*Supplied material*
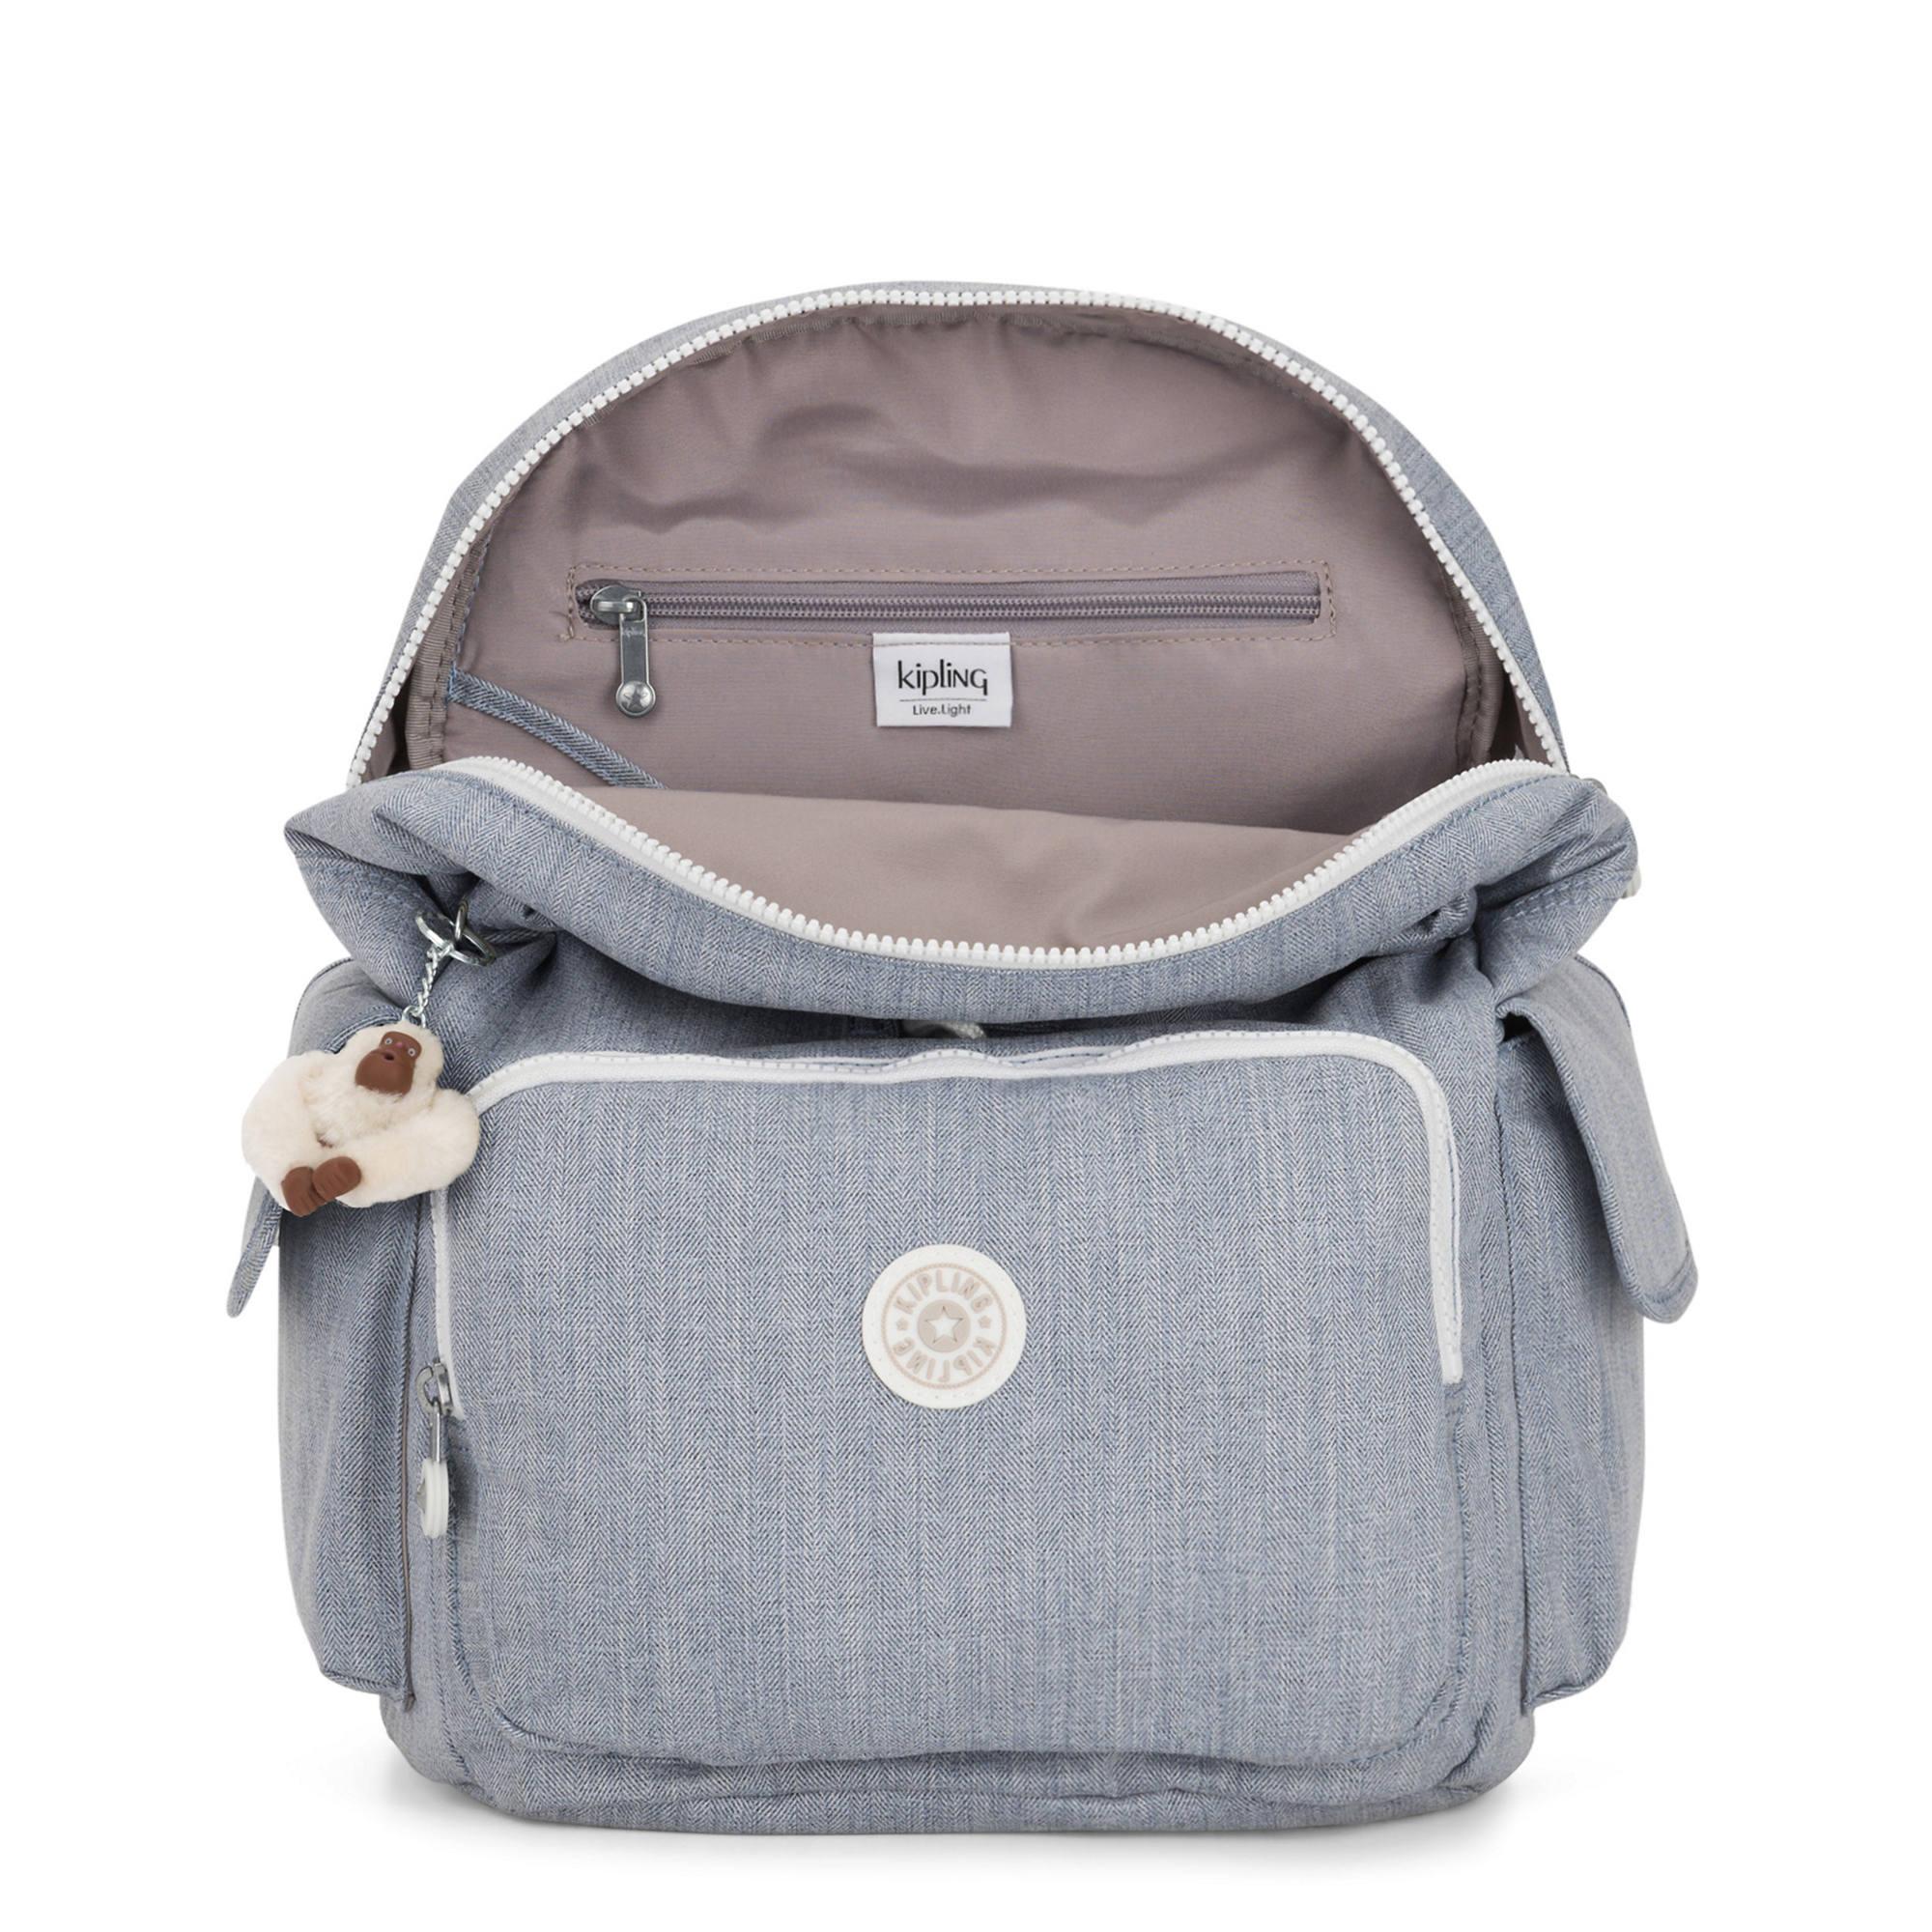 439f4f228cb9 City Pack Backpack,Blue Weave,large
--
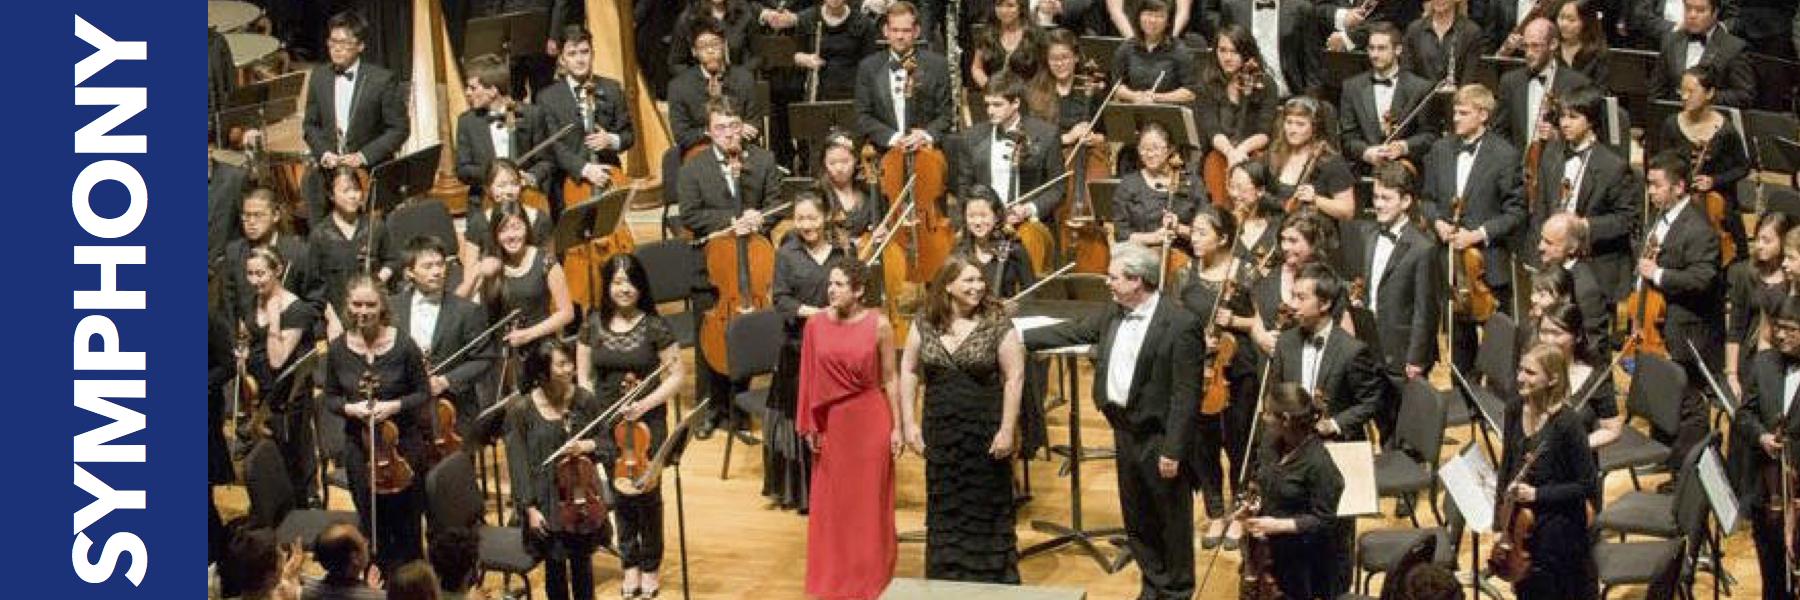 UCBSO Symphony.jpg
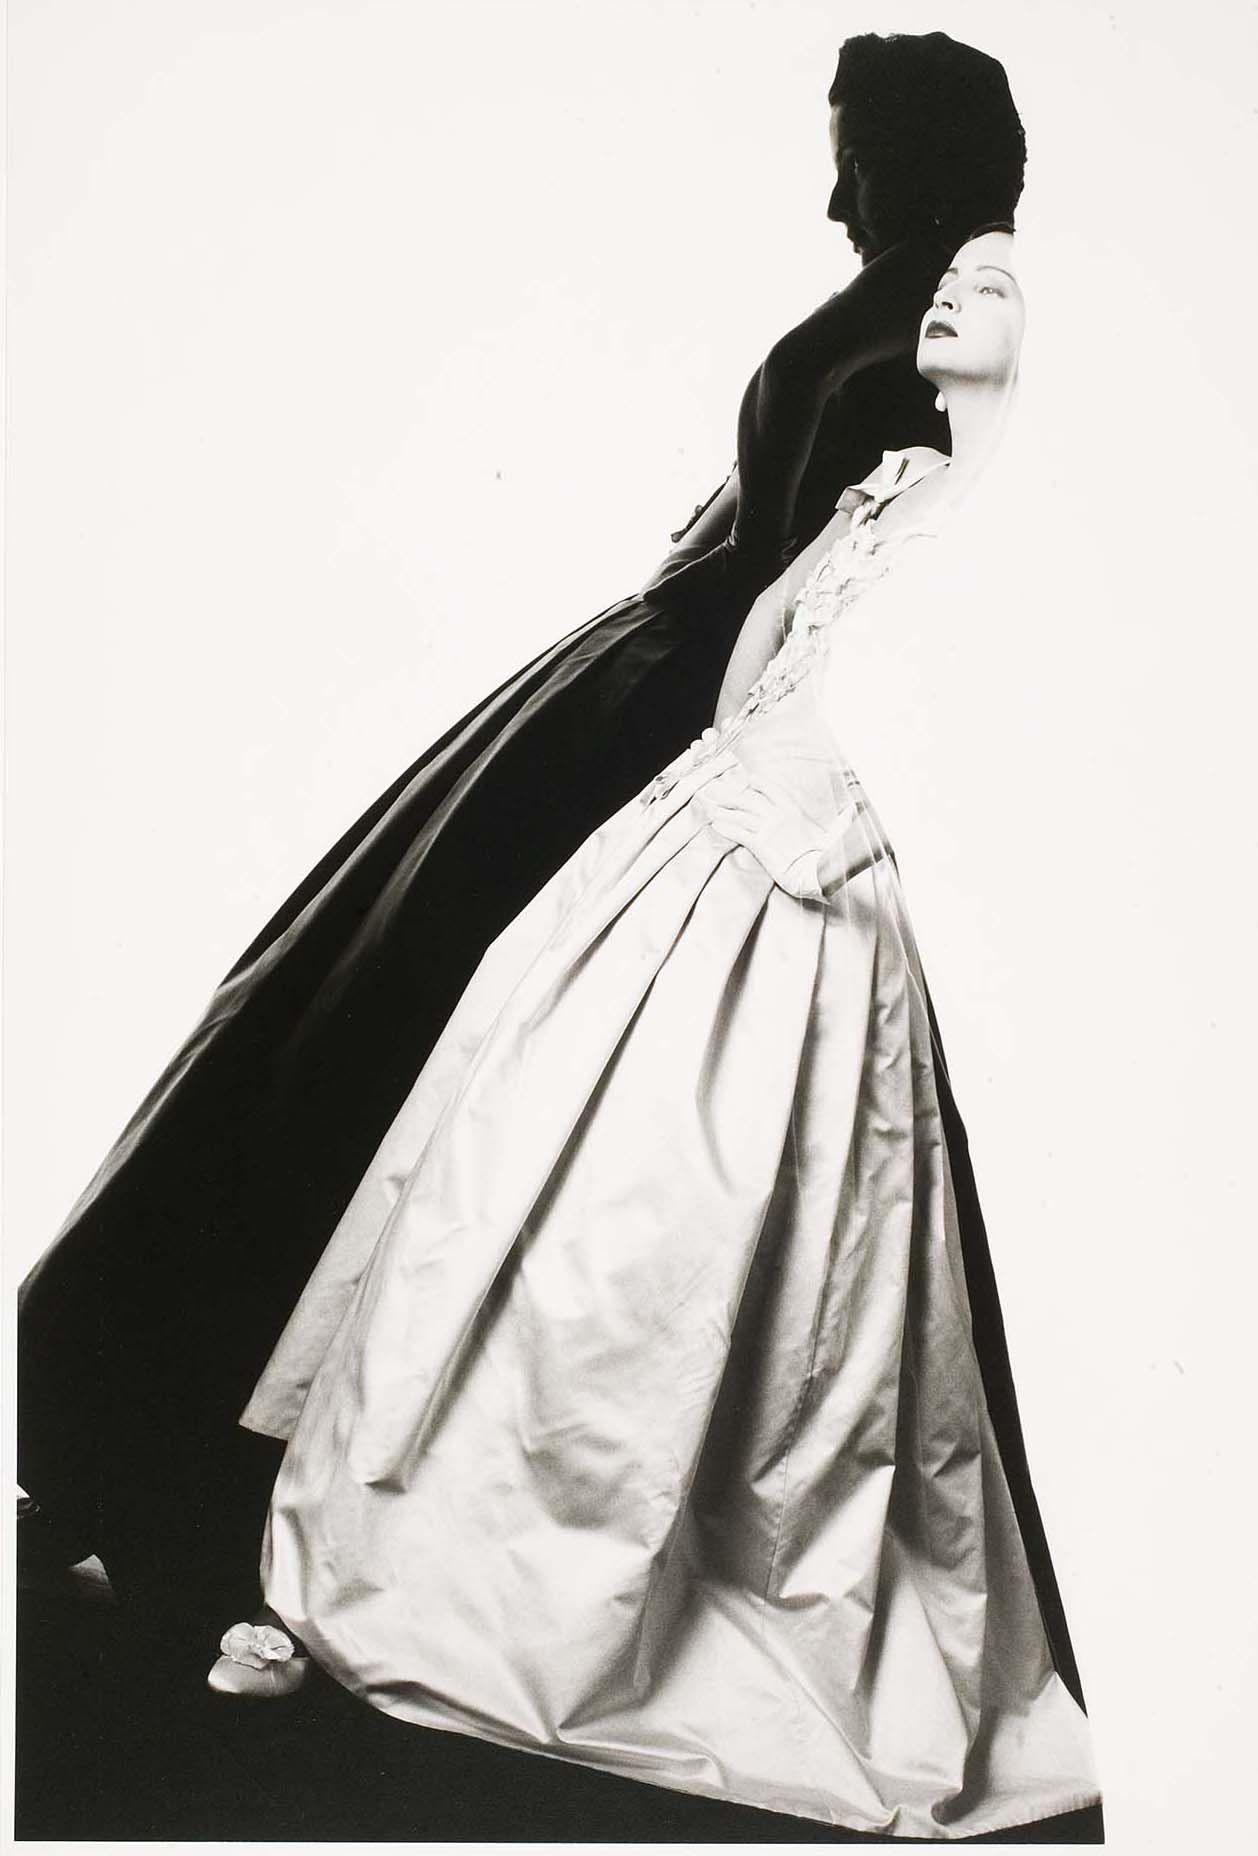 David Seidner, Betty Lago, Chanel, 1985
* * *
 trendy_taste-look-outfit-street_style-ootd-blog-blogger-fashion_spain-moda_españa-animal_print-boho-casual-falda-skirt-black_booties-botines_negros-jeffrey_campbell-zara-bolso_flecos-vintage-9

*Task item*
In the listing above, find the line with "UCBSO Symphony.jpg" and the line with "David Seidner, Betty Lago, Chanel, 1985". Copy exactly those lines and all between them, minus the images.

*Task answer*
 UCBSO Symphony.jpg
 David Seidner, Betty Lago, Chanel, 1985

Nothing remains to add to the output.